Senator BOSWELL —It sounds like one of Senator Bolkus's ideas. Madam Acting Deputy President, I know that you understand small business because your husband was involved in small business before he entered politics. Let us consider the progressive taxation take from 1983 to 1990. This Government has extracted-pulled out like teeth-a 105 per cent tax increase. Total Commonwealth tax revenue has increased by 105 per cent. Total individual tax has gone up by 107 per cent. The Medicare levy has gone up; company tax has gone up by 162 per cent; sales tax has gone up by 156 per cent; Customs import duty has gone up by 73.9 per cent; and petroleum excise has gone up by 186.3 per cent. Yet this Government tells us that it has a Budget surplus. It claims that it is a wonderful economic manager and that it has a $9 billion surplus. Of course, it will have a $9 billion Budget surplus if it increases everything from sales tax and fuel excise to Customs duty and the Medicare levy. Every tax has increased, and the major impact has been felt by small business. The Government does not realise that when it increases petroleum excise by 186.3 per cent it is the small business sales representatives that pay most of it, as they travel in their cars to sell their products. These taxes are impacting on small business. It is no wonder that bankruptcies have increased by 56 per cent. I say to the Minister for Justice, who is a barrister and solicitor-and probably a very good one-that his Government needs to understand what it is doing to small business.
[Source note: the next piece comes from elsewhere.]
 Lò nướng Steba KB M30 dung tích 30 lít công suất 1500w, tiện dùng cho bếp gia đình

This Government has introduced a capital gains tax which has impacted on small businesses. Many small business want to expand by buying out other businesses. Farmers may wish to move from a smaller property to a bigger property. They have to pay a capital gains tax every time there is a roll-over. In the past, many small businesses, particularly newsagents, could afford to take a holiday only after they had sold their business. Many small business people cannot even afford to do that any more because of the capital gains tax.
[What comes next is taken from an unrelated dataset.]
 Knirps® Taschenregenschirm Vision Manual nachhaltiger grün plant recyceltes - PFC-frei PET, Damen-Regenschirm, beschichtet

This Government's tax regime has been a disaster for all small businesses. The capital gains tax, fringe benefits tax and other taxes have impacted heavily on small business. Small businesses account for much of Australia's wealth. They provide many jobs and much of the tax revenue, yet they do not receive a fair go from this Government. This Government treats the small business sector as an area from which to gather tax. This Government thinks in terms of how much sales tax it can collect from that sector, how much pay as you earn tax or capital gains tax small businesses can pay. Small businesses are the greatest milch cows that this Government has, yet it does not give small businesses one voice. It does not give small business any consideration. This Government does not have a Minister who can adequately represent the interest of small business in Cabinet, who can look at the impact of Government policy on small business. This Government's total contribution to the small business area comprises three paragraphs in its policy document. It is a shocking indictment of any government that an area which provides 52 per cent of employment, and probably most of Australia's taxation revenue, receives three paragraphs in the Australian Labor Party's policy document.
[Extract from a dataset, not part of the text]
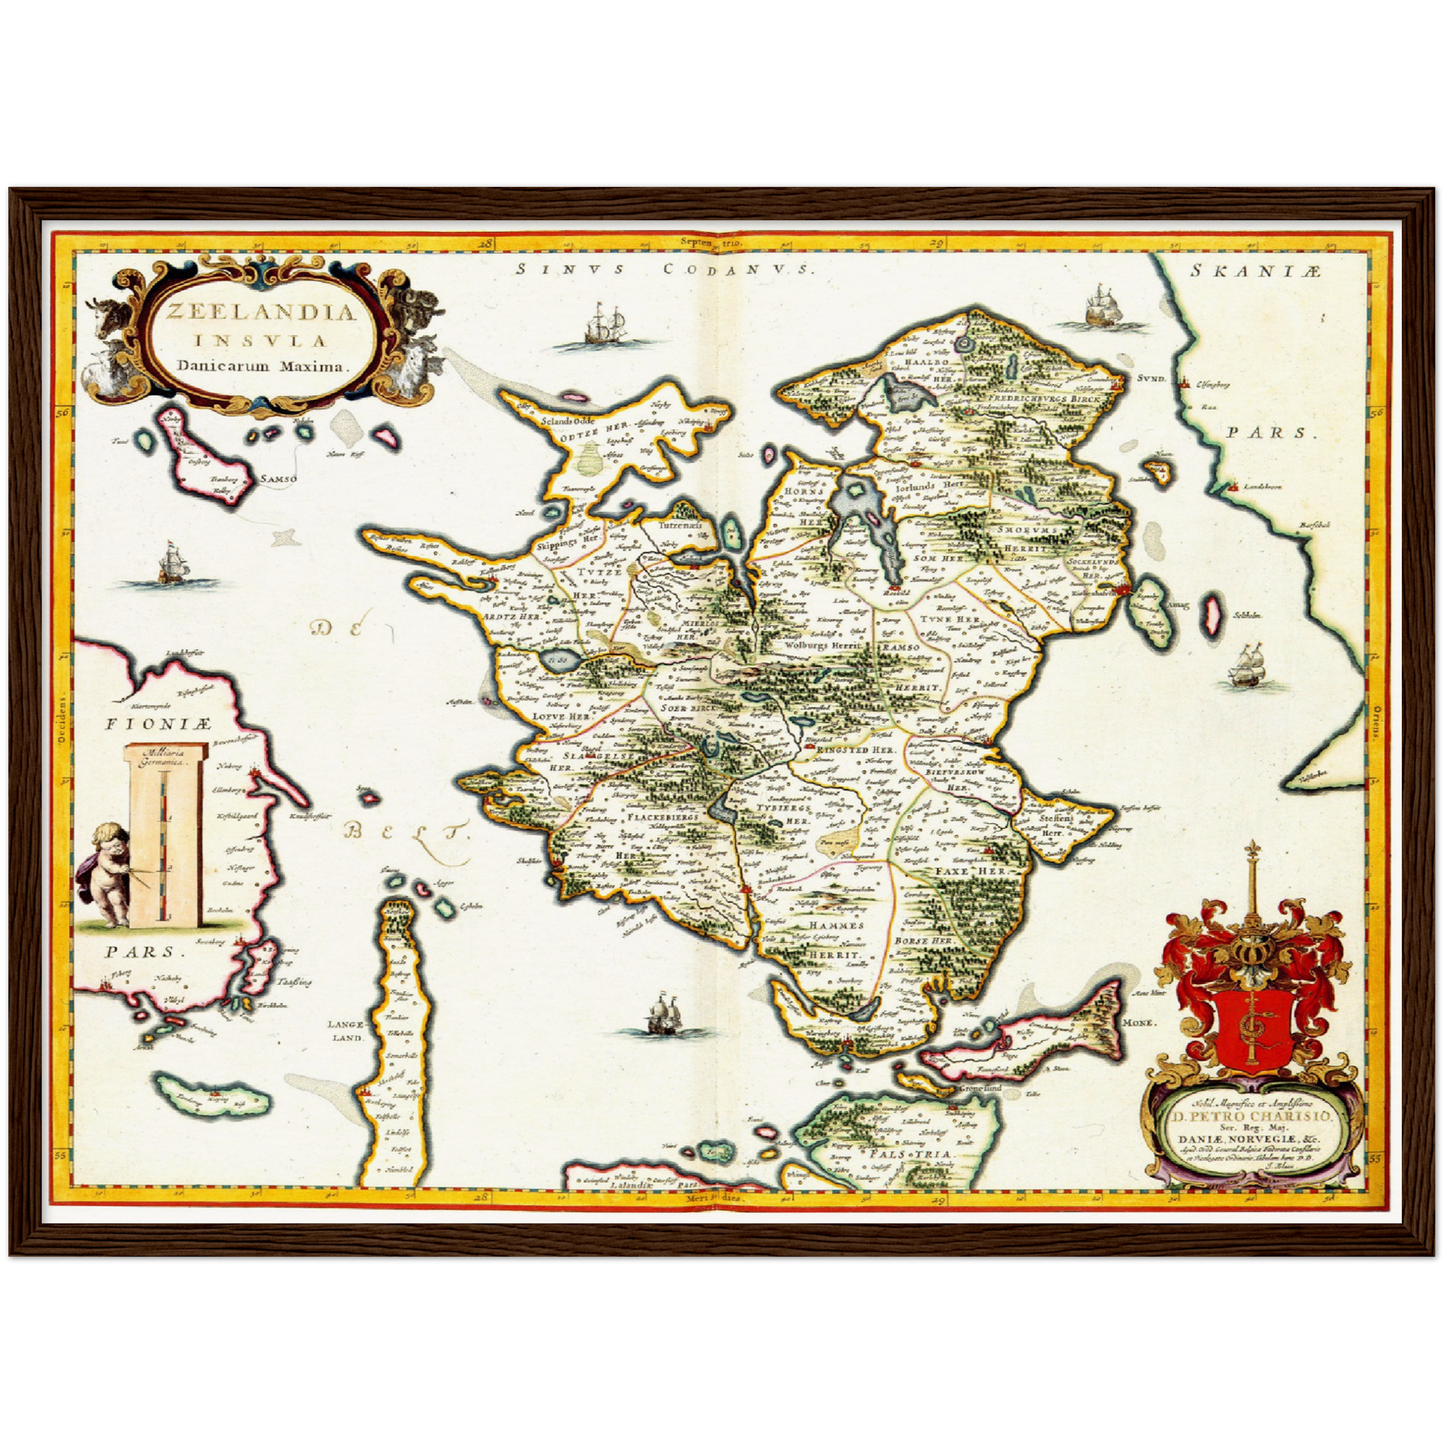 Historische Landkarte Seeland um 1690

It is not good enough for the small business community. It is not good enough for Australia. I hope that this Government will look at the problem in its next six months in office, although I do not suppose there is much time left for it to do anything for small business. I suppose that the message that I can give to small business is, `Hang on by your fingernails. Help is coming. The coalition will be in government in six months time'.